So to make a long story stay long, if you want the linker to pick and
choose from an object file, make it a library rather than a plain old
object file.

I'd like to think that linkers did what you said, Leor, but I am still
under the impression that when a linker searches a library (such as
lib1.lib) it looks at the header and finds the name of a function it
is trying to resolve and then includes the entire library. Can it, in
fact, only pull out the function and place it in the exe? I don't
remember us doing that in the OS/360 linker, and the fact that
compiling the functions separately results in smaller exe would seem
to confirm that the entire module is included otherwise.
Of course, this could (and probably is) different with each linker,
making the whole conversation a troll.
Can one of the current developers here confirm that some linker
somewhere does in fact selectively pull function code from libraries
when linking?
I'll try some tests with g++ and report back.
 
L

Leor Zolman

I'd like to think that linkers did what you said, Leor, but I am still
under the impression that when a linker searches a library (such as
lib1.lib) it looks at the header and finds the name of a function it
is trying to resolve and then includes the entire library. Can it, in
fact, only pull out the function and place it in the exe? I don't
remember us doing that in the OS/360 linker, and the fact that
compiling the functions separately results in smaller exe would seem
to confirm that the entire module is included otherwise.
Of course, this could (and probably is) different with each linker,
making the whole conversation a troll.
Can one of the current developers here confirm that some linker
somewhere does in fact selectively pull function code from libraries
when linking?
I'll try some tests with g++ and report back.
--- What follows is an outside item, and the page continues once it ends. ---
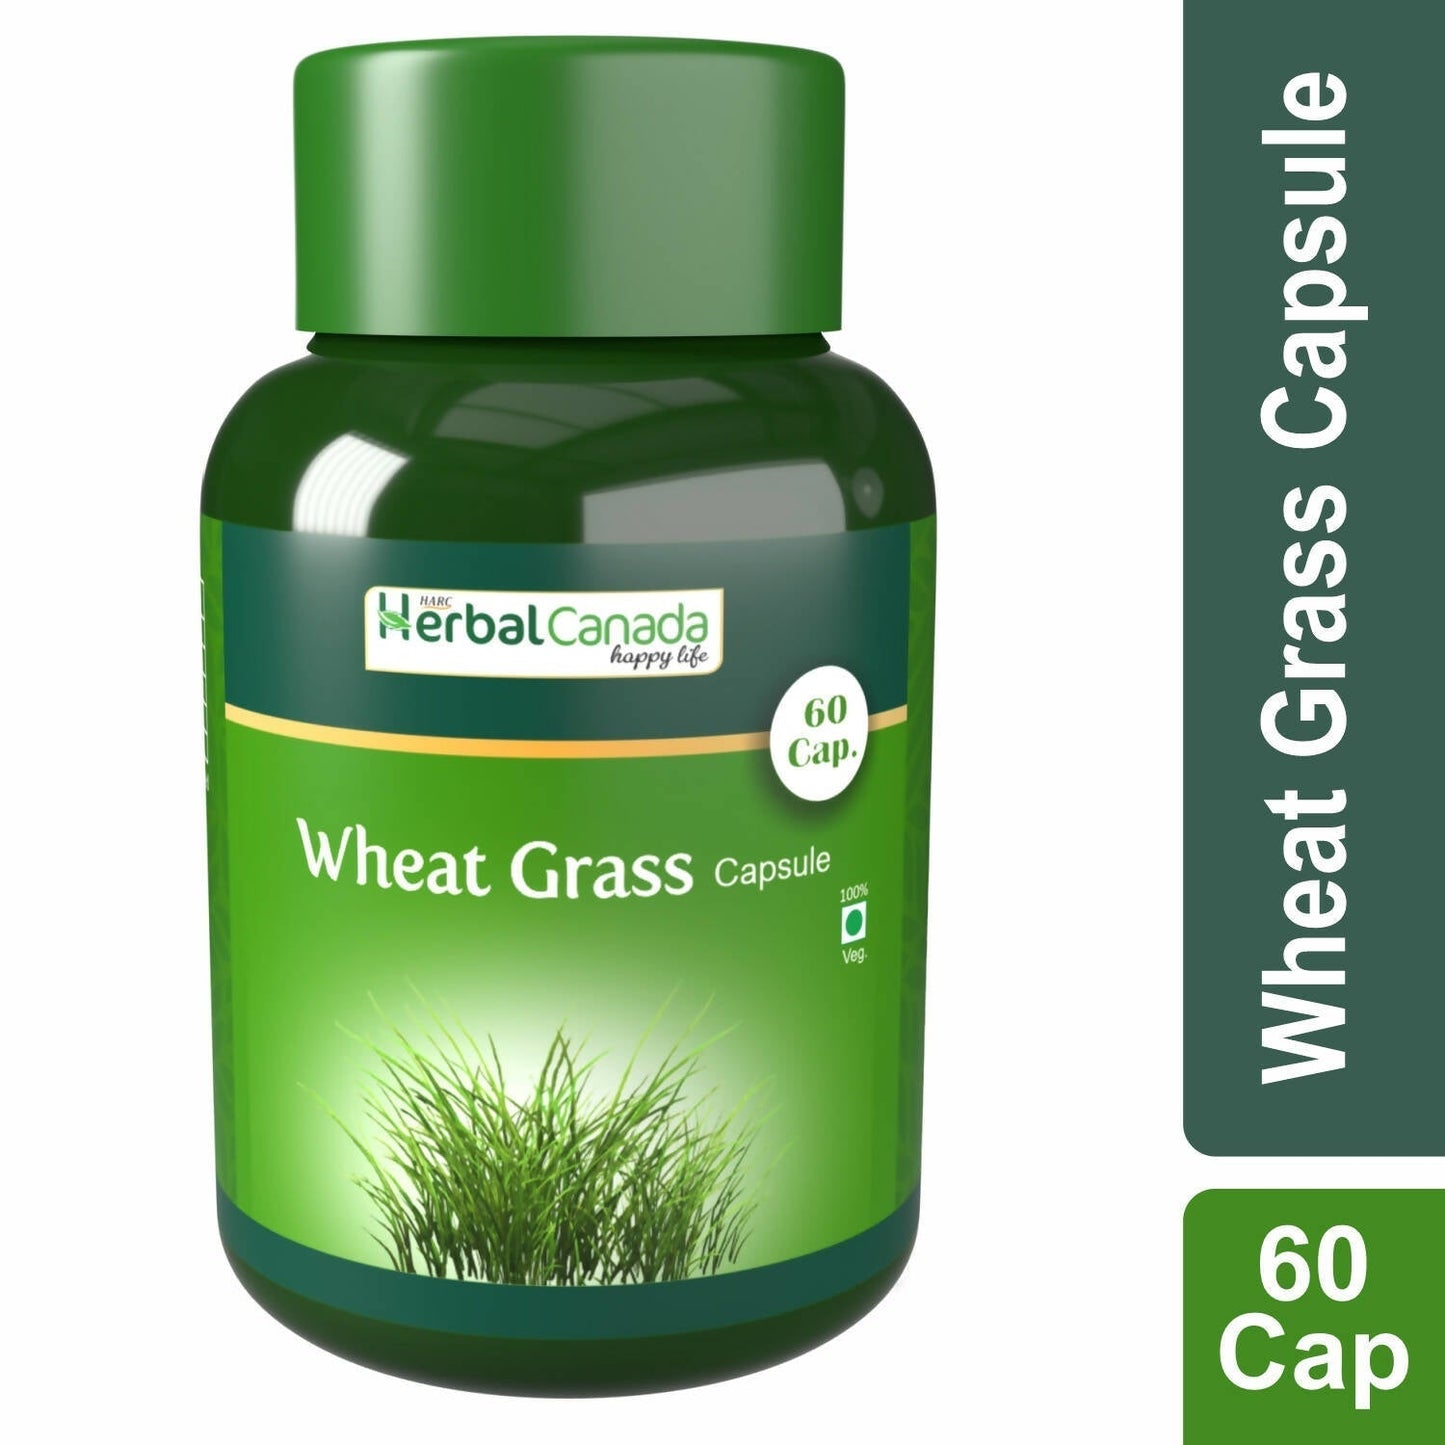 Herbal Canada Wheat Grass Capsules

Yeah, I wasn't sure exactly how to go about testing this. I'm pretty sure
that at some point in the past I've verified this behavior, but I haven't
really delved into it in ages.

I figured I'd have a better chance at getting accurate size measurements
under Unix, but unfortunately I have no C/C++ development tools in my
Cygwin installation.

So I resorted to good ole' MSVC to see what I could come up with. The
executable size doesn't mean squat with MSVC, because it always seem to
round up for some reason, but I figured there ought to be an option to
print out a symbol table I could search for the usual suspects. I created
the following program, which I compiled once with the log10 call in there
and once without:

//
// does using one fn out of a lib drag in all the others?
//

#include <iostream>
#include <cmath>
using namespace std;

int main()
{
double d = sqrt(5.0);
cout << "chi = (" << d << " + 1 ) / 2" << endl;

// Compared with and without the following line:
// d = log10(d);

cout << "log10(d) = " << d << endl;

return 0;
}

In the resulting map file for compiling as shown, there was exactly one
occurrence of the pattern "log10" in the generated map file (MSVC 7.1, /Fm
option), shown with surrounding context (3 lines total, I've wrapped them
manually and put a space between):

0002:00002278 ??_C@_04COOMCNPB@sinh?$AA@
00414278 LIBC:fpexcept.obj

0002:00002280 ??_C@_05HGHHAHAP@log10?$AA@
00414280 LIBC:fpexcept.obj

0002:00002288 ??_C@_03MGHMBJCF@log?$AA@
00414288 LIBC:fpexcept.obj


This looks to be some sort of master symbol dispatch table, but I'd guess
it does not represent address of actual code. But I don't know for sure.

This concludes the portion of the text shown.